» **WHAT THE EXERCISE ASKS**: Look through the data below for the line with "Buy Call of" and the line with "Gene Haas, Owner", then transcribe exactly from the first through the second, leaving out all pictures.

» **DATA FOR THIS TASK**:
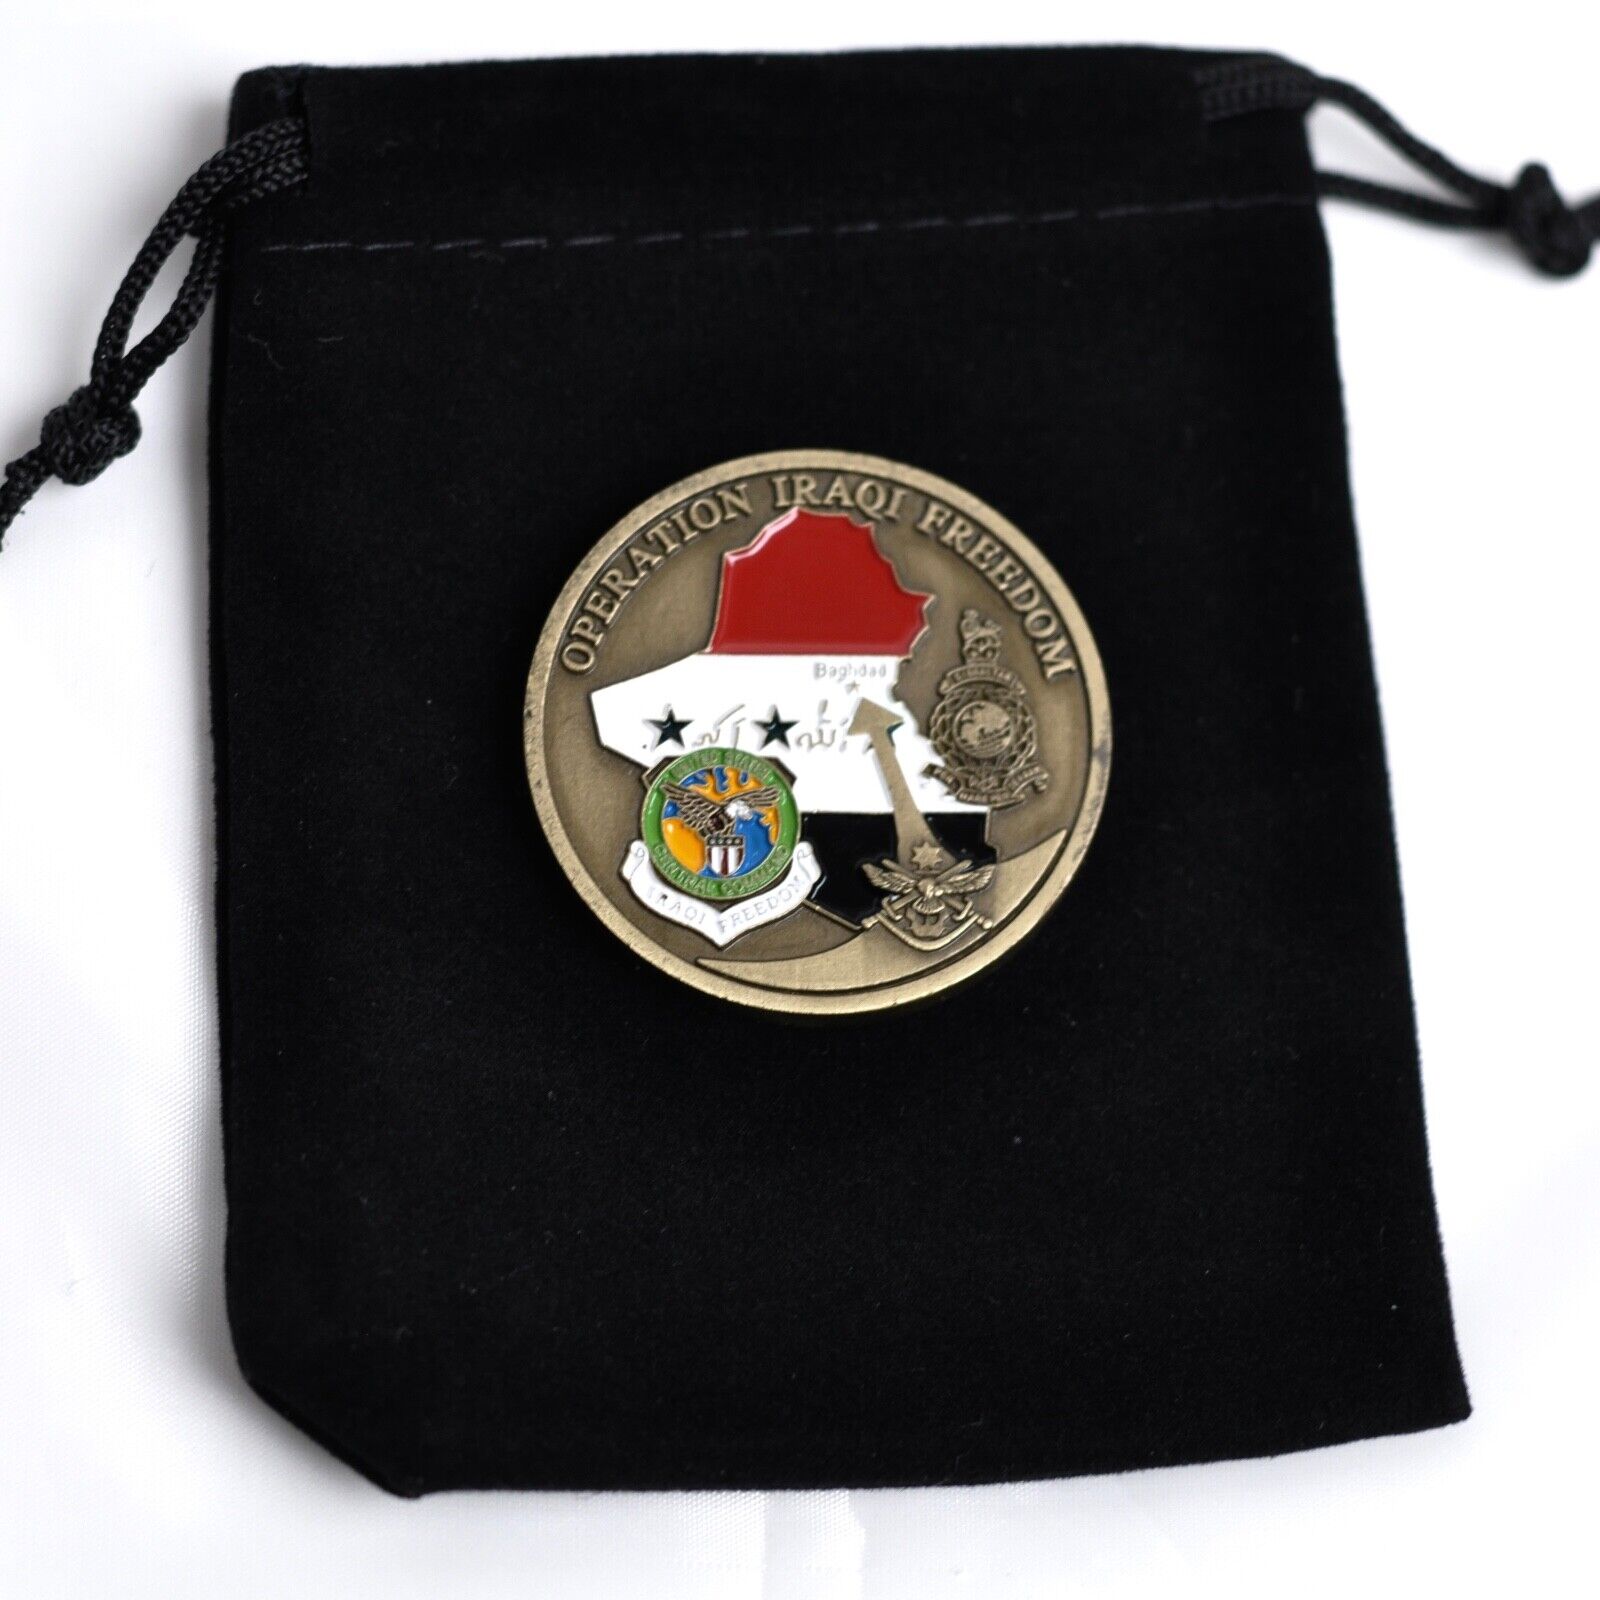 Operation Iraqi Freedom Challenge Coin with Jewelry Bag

...

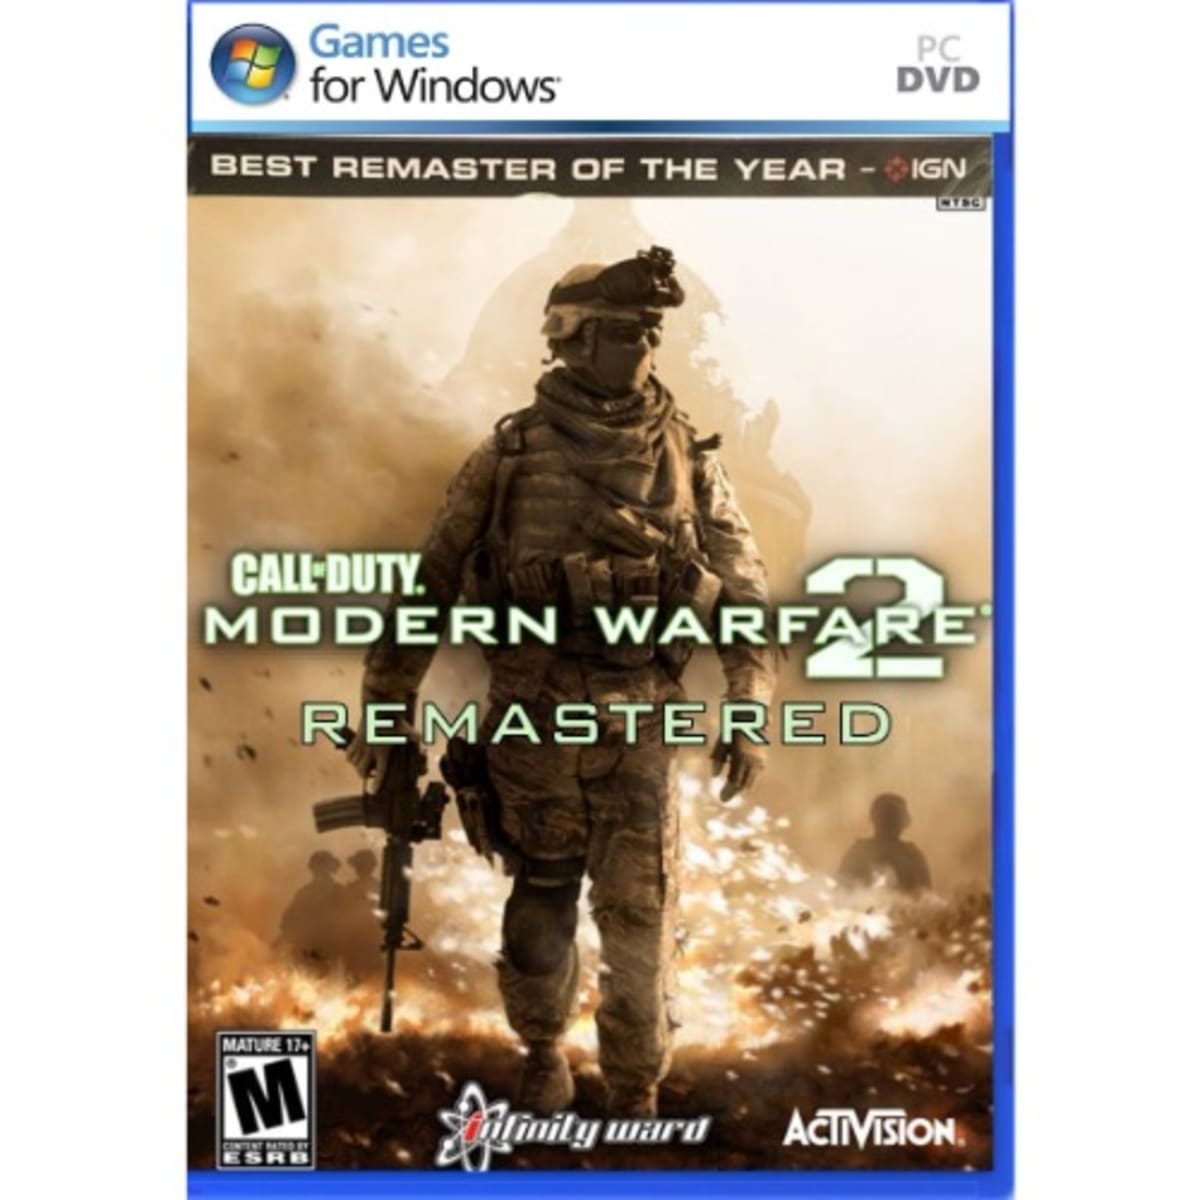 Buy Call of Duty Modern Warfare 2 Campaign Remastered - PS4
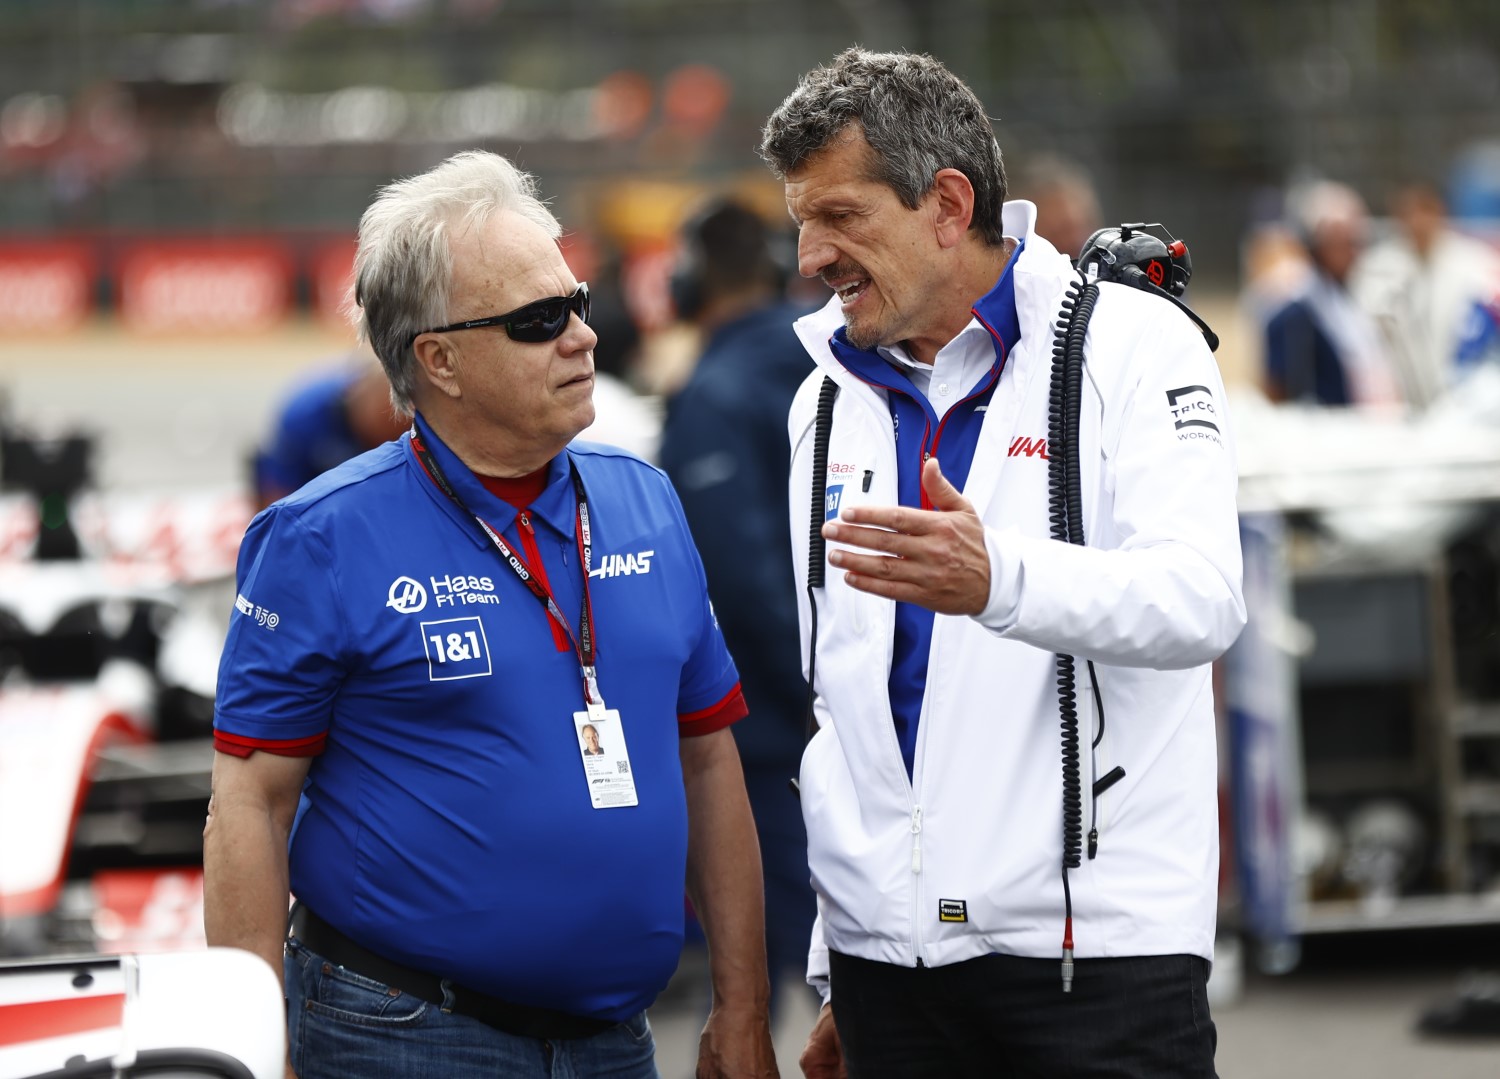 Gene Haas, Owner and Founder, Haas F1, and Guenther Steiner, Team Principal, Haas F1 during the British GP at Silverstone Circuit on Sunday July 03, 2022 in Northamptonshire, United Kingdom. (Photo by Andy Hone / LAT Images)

» **ANSWER TO THIS EXERCISE**:
 Buy Call of Duty Modern Warfare 2 Campaign Remastered - PS4
 Gene Haas, Owner and Founder, Haas F1, and Guenther Steiner, Team Principal, Haas F1 during the British GP at Silverstone Circuit on Sunday July 03, 2022 in Northamptonshire, United Kingdom. (Photo by Andy Hone / LAT Images)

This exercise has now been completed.